Overall in previews Games sold the game to me much better than Edge did because of the way it presented the visuals of the game and the way it set the atmosphere as well as explain some of the game play mechanics to let you know what your getting your self into if you decide to pick this title up.


The review I am going to compare is of New Super Mario Bros U from both magazines. Once again you can notice the layout differences of the two straight away, Edge has screen shots all on one page with some captions were as Games has the game screen shots placed throughout the review breaking up the text. I personally prefer the more organised look of Edge in this case as some of Games screen shots are divided by the fold of the center of the page and look like their slightly less sharper images then the ones used by Edge.

Edge Review:


Games Review:


Both magazines start things off differently with Games talking about how at first it feels like the same old thing we see in every Mario game until you get to the over world were the game becomes more of its own thing where as Edge starts by talking about how beautiful the transition from SD to HD has turned out and lists some of the level designs. Both set a mode for your expectations of the game but Edge comes across much more positive where as Games comes across more like a pleasant surprise that is isn’t just going to be the same thing all the way through which is one of the biggest questions answered straight away because the screen shots just make it look like all the other Mario titles. I think the line that represents this most from the review is “ Luckily, niggling feelings of repetitiveness soon take a back seat as Mario begins to delve further into the game’s over world.”.

Edge then goes onto talking about the world map and all the different areas and mini games you can find as well as the new enemies powers and allies which brings them to the conclusion that the any surprises in the game are in its content and not in its form. Where as Games talks about the controller integration and how the tablet is useless in the single player (which Edge similarly states later on in their article). The tablet shows its stuff in the challenge modes and they cover some of the new assist additions that have different powers to help the player progress by lighting dark areas etc. they are useful but you can beat the stage without them.
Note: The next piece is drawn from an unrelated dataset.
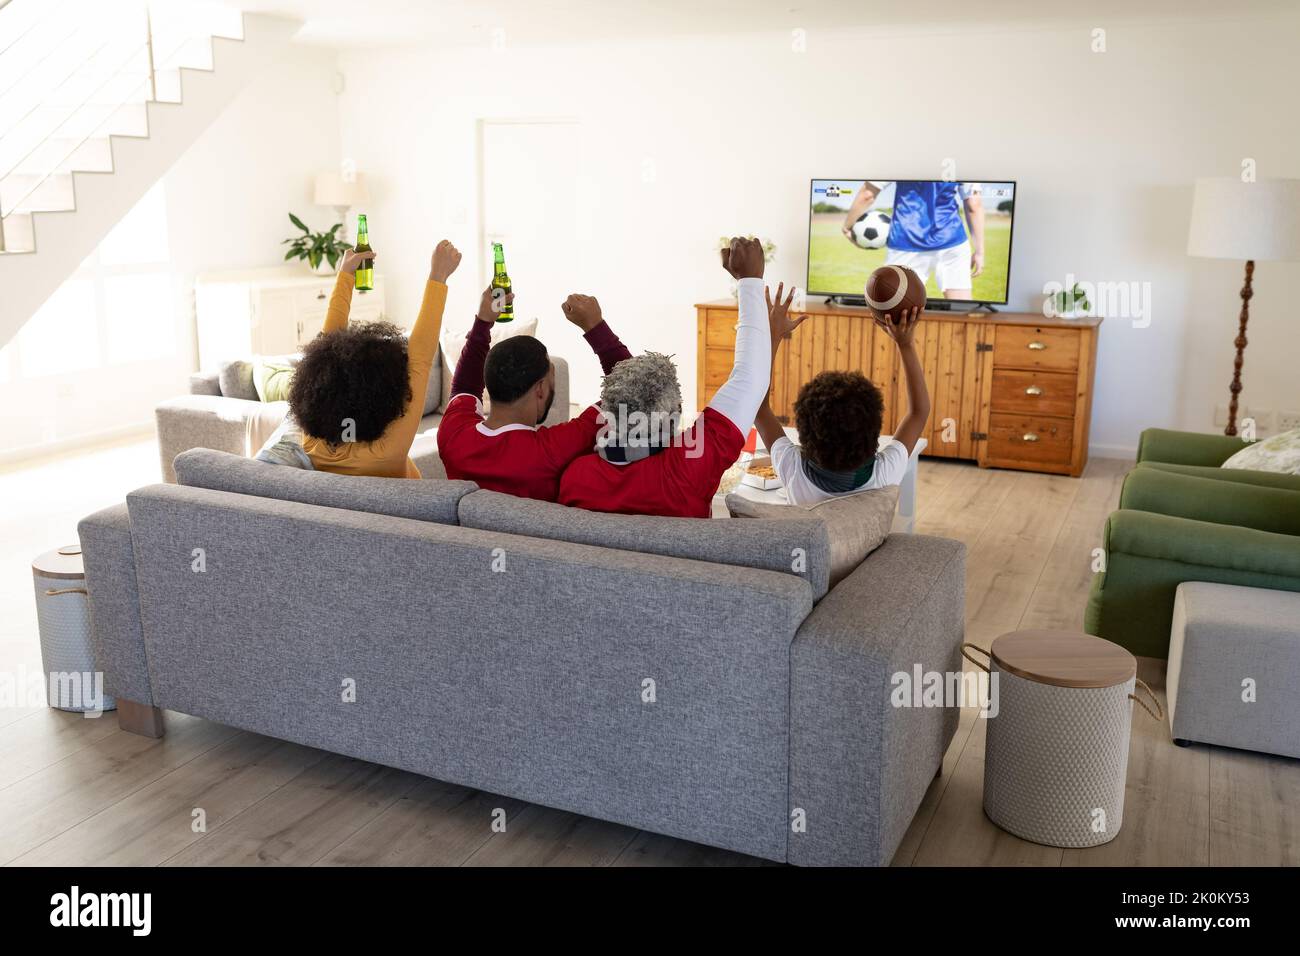 African american family sitting on the couch and watching football match on laptop Stock Photo

Both magazines talked about the new assist characters and their ability but Games was the only one that told you how to find them and that they were not necessary to complete the stages this feels to me more like a tip from someone who has plaid the game than just a statement of the facts about the new additions.
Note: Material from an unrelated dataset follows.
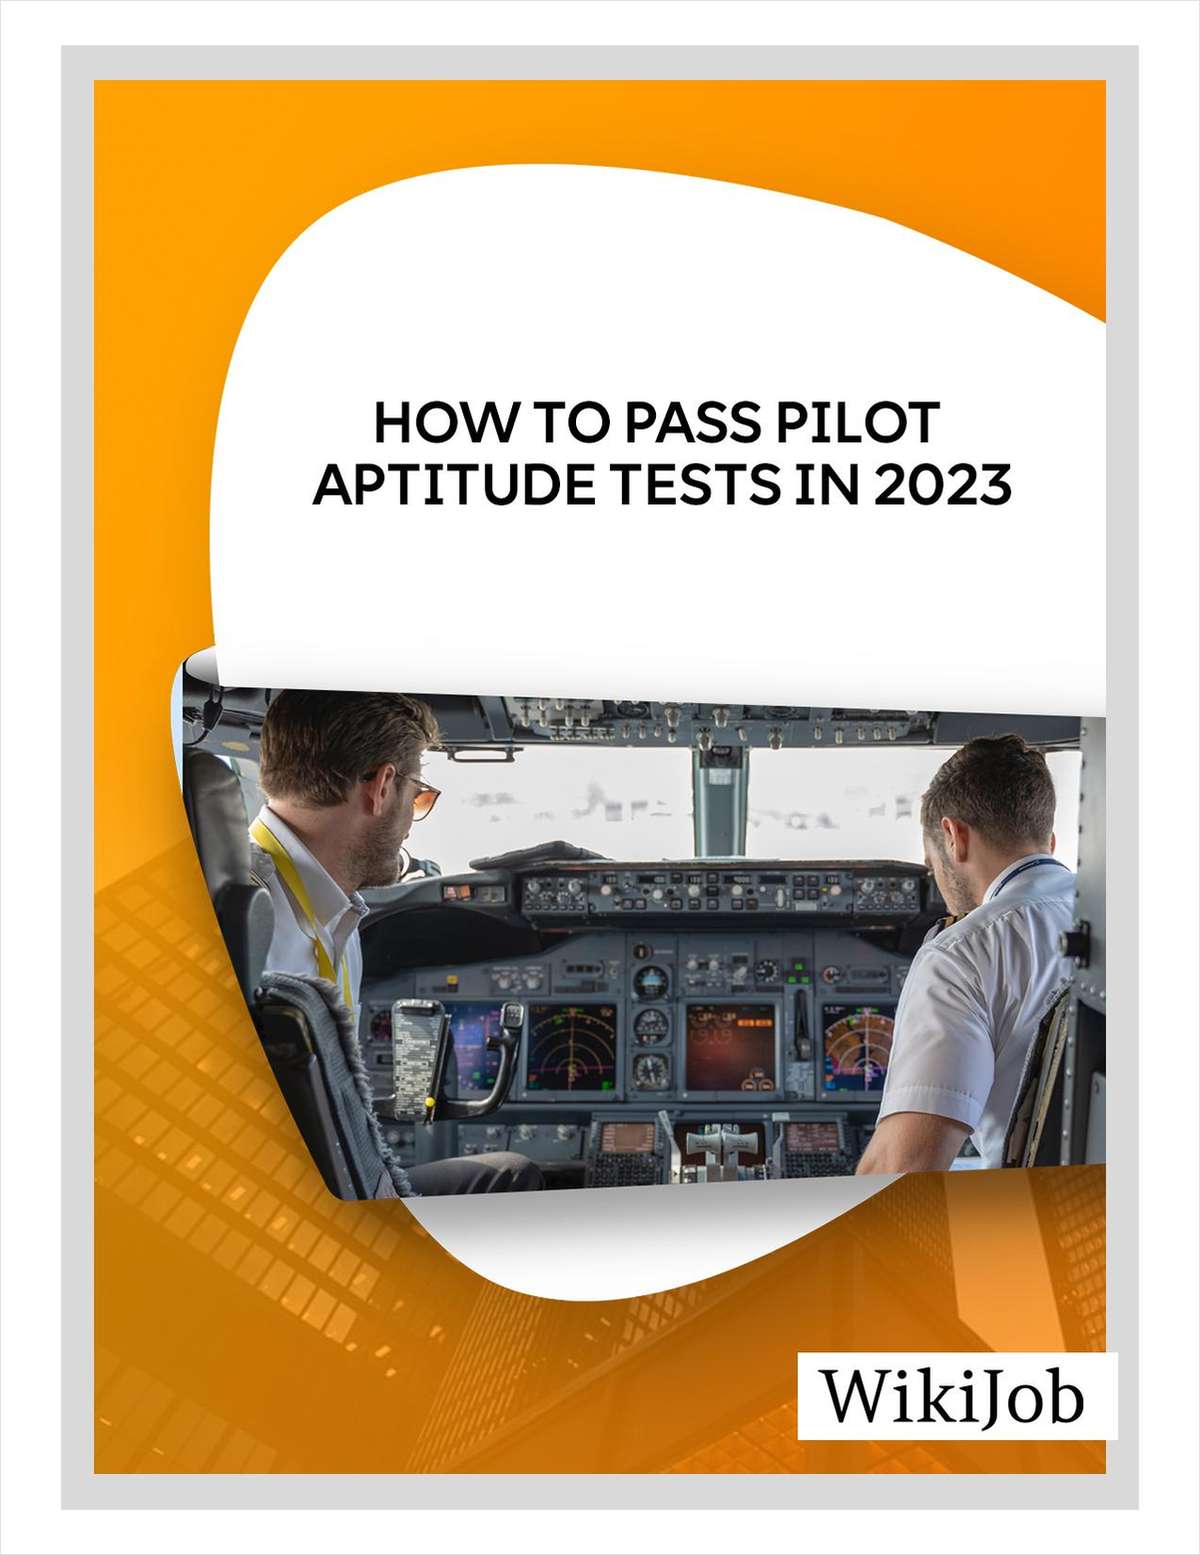 How to Pass Pilot Aptitude Tests in 2023

By the end of the Reviews both magazines give the game an 8 but Edges score is not very clear its just an 8 in a black box next to the text I had to flick through the magazine to check the other articles to make sure it was the score. Where as Games gives a very clear 8/10 with Verdict written next to it in block capitals. This gives me the impression that the scores in Edge are more like after thoughts and that the audience they are writing for is more interested in the articles contents than a number on a page.

Games Score System:


Edge Score System:



Besides previews and reviews the two magazines cover a verity of topics to do with the gaming industry Games discusses what the big companies are doing from new hardware to financial problems as well as having a section to talk about retro games. Edge on the other hand focuses more on the gaming industry as a whole talking about the percentage of females represented in the gaming industry and has interviews with designers which brings me to the audience I think Games is aimed at people who are interested in knowing how the game plays what the mood is going to be like and weather they should buy it so more towards people who play games and like to see a quick and clear score telling them how good a rating it has revived. While edge is set out much more like a book would be and is far more about the technical sides of things, than the review scores, aiming at a audience who are more interested in what’s going on in the gaming industry than what games they can buy.